Родионов с интересом слушал молодую женщину.
– Папу очень уважают все, потому что он хороший, добрый человек, он привык, что его уважают, он очень много работает… А я сейчас лежу иногда ночью и думаю: неужели он не понимает, что не так надо?
– Хорошие брошюры тоже нужны, – заступился Родионов за незнакомого доцента.
– Да я понимаю!… Но это, если бы человек ни на что другое не был способен! Он же очень умный, папа, но вот он уверен, что делает большое дело, и от этого спокойный такой. Сумбурно так выражаюсь… Не знаю, я боюсь, что он возьмет да под старость лет поймет, что всю жизнь обманывал себя, вот тогда… трагедия будет.
– Ну, а что бы ты посоветовала ему делать?
– Да теперь уж ничего… Чего делать? Пусть пишет брошюры. Не переделается же человек в пятьдесят лет.
– А ты попробуй все-таки напиши ему вот об этом. Интересно, что он ответит.
– Ну-у… нет, не стоит. Он обидится. Он меня недалекой считает. А ведь он мог бы, знаете, каким редактором у нас быть!… Он же писать может.
– Он партийный?
– Да.
– Напиши ему, – серьезно стал настаивать Родионов. – Ты не думай, что пятьдесят лет – это все. Это в двадцать пять так кажется, а в пятьдесят кажется, что еще ничего не начиналось. Ты вот напиши ему.

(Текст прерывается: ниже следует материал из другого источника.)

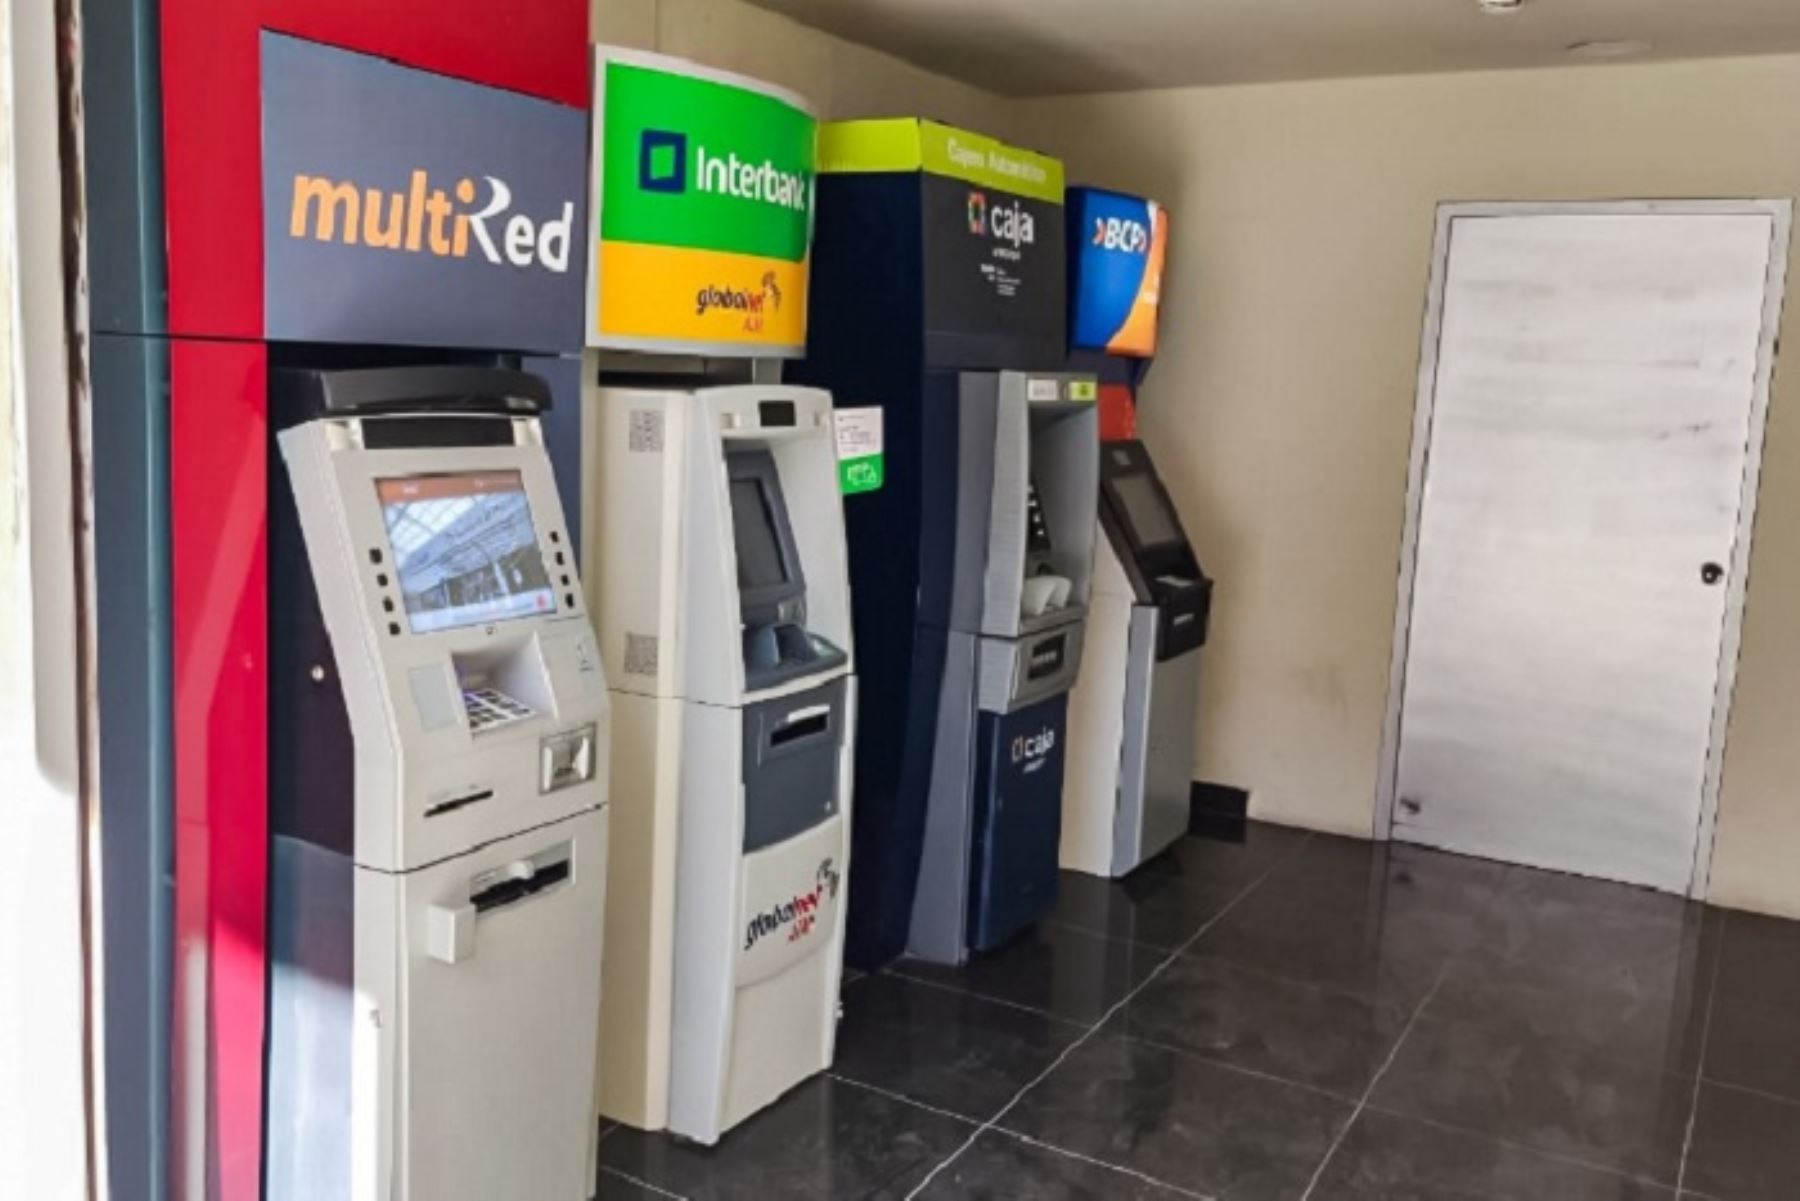 Banco de la Nación instala nuevo cajero MultiRed en la ciudad de Moquegua

– Он скажет… Не знаю, – Майю тоже заинтересовал тот вопрос: поймет ли отец или не поймет. – Не знаю…
Уличная дверь хлопнула.
– Идет. Сейчас подумает… А ну его к черту, буду я еще думать, что он подумает.
Вошла женщина, соседка Майи.
– Маечка… Здравствуйте. Маечка, я пришла попросить: не поможешь нам в одном деле? Написать надо бумагу одну… Получше бы надо, а мы не умеем.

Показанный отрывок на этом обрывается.